To ensure their systems are protected by cyber threats over the long haul, hospitals need to consider six strategic imperatives:

• Design cybersecurity measures into systems from the start. There are clear advantages to designing cybersecurity into systems at the beginning of a digital transformation rather than adding it later on. Designers are able to move faster when they know a system is secure. There’s also less need for expensive rework—and less risk of introducing new errors. Shorter development times also allow a hospital to generate revenue faster. (See Exhibit 3.)

This approach also makes it easier to design secure software in a uniform way across the entire organization. Not only will development costs will be lower as a result, but operating costs will be, too, since operations and maintenance processes are the same for many applications. Training costs will also be lower, and security and operations teams will be more efficient and effective.
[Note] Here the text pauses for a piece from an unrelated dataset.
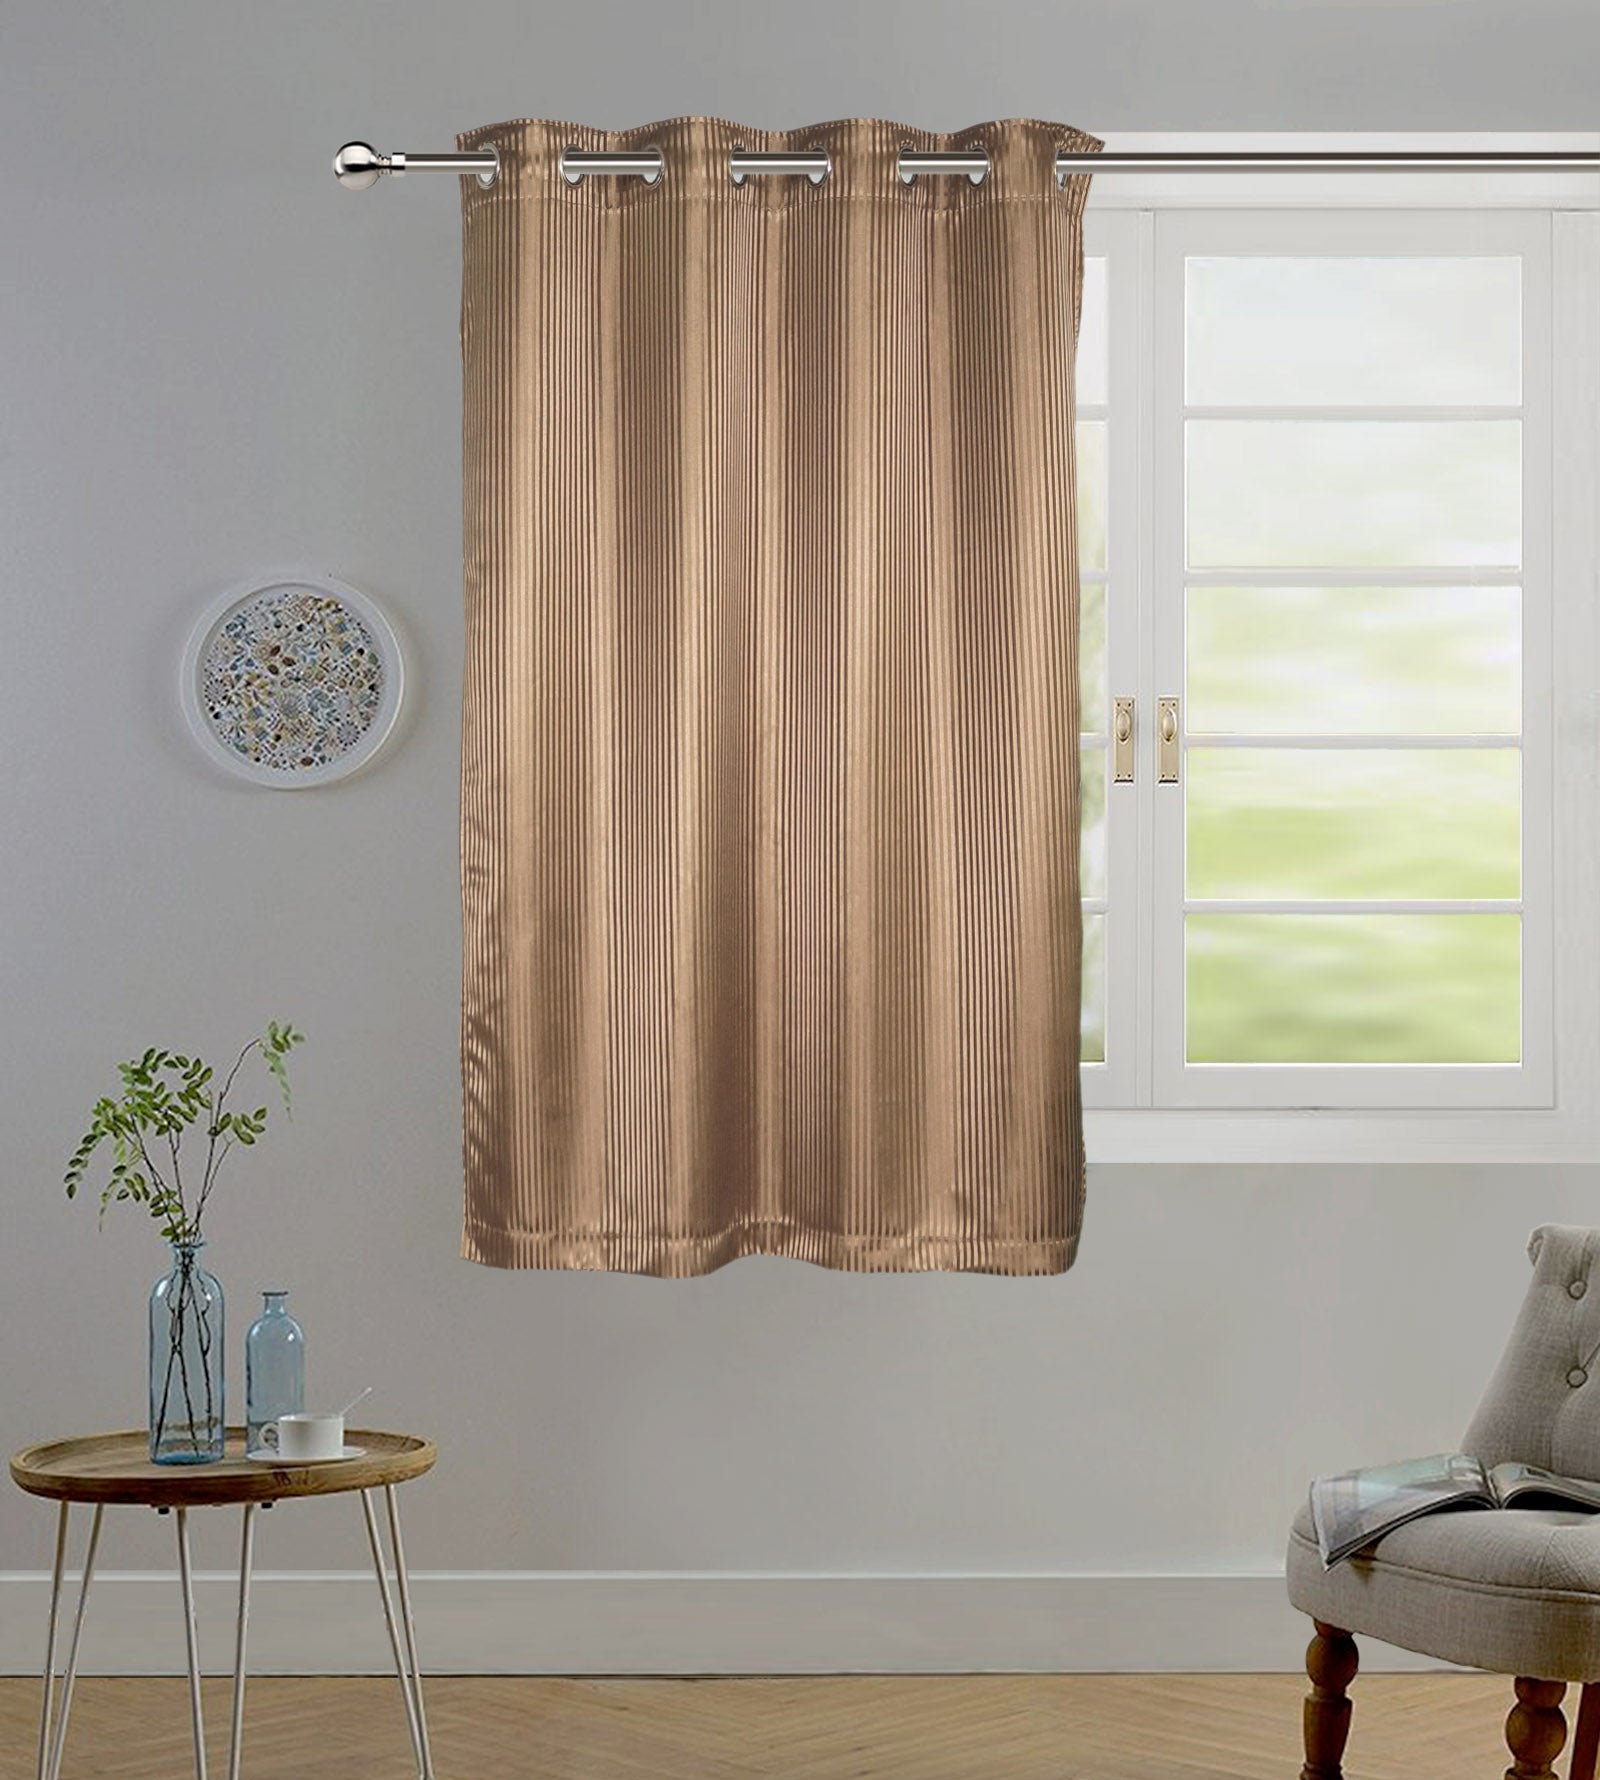 Lushomes Satin Curtains, Brown Satin window curtains, Striped, curtains 5 feet, 8 Metal SS Eyelets, 4.5 FT x 5 FT, curtains for window (54 x 60 inches, Single pc)

• Ensure continued IT system hygiene and governance. What is secure today may not be tomorrow. So rapid implementation of security patching, system upgrades, and other “IT hygiene” practices are key. To reduce the scope of overall risk, we recommend data and IT governance practices that will ensure an accurate system and data inventory, enforce life cycle management, and minimize the duplication of data and IT investments. These activities should be validated by regular vulnerability scanning and penetration testing.
• Map the cybersecurity strategy to the business strategy. Many organizations design cybersecurity to protect their systems today, while the board is focusing on five years from now. To be sure, it’s important to aim mitigation efforts at the most critical risks being faced in the present—especially if the hospital in question is just starting to implement a security strategy. But it’s also important to develop a cybersecurity program that will accommodate future-state business strategy, such as plans to expand into new markets or different therapeutic areas. Doing so can save costs down the line.

• Scale systems safely and cost-effectively. As hospitals increasingly move from the physical realm to the digital, they will need to scale and grow their digital systems. Since building data centers is an expensive and time-consuming way to get more computer capacity and data storage, we recommend partnering with public cloud service providers instead. Moving to the cloud is the best way to scale, provided organizations take the steps we are advocating in this article.
• Assume an attack is inevitable. Since it’s virtually impossible to provide 100% protection against a cyberattack, incident response, business continuity, and data backup and recovery plans are critical for minimizing impact. When it comes to selecting cybersecurity projects to invest in, hospitals need to be able to quantify the risk of a successful attack and the effect such an attack could have. They can then select the most appropriate portfolio of projects. Monte Carlo simulations can help identify which initiatives might provide the greatest reduction in cyber risk for any given amount of spending.

• Prepare for simultaneous disasters. All hospitals know that business continuity and disaster recovery plans are critical for mitigating the impact of cyber attacks. Most hospitals have emergency response plans for each type of disaster: natural, cyber, active shooter, and so on. But it’s key to have plans that can handle more than one emergency at the same time—a cyber attack, a hurricane, and a pandemic, for example. Tabletop exercises are the best and most cost-effective way to test these plans out. Waiting until a real situation occurs can be very costly.

As the pandemic has so vividly demonstrated, health care provider systems and hospitals need to make cybersecurity a top priority today. The health and well-being of the patients they serve depend on it.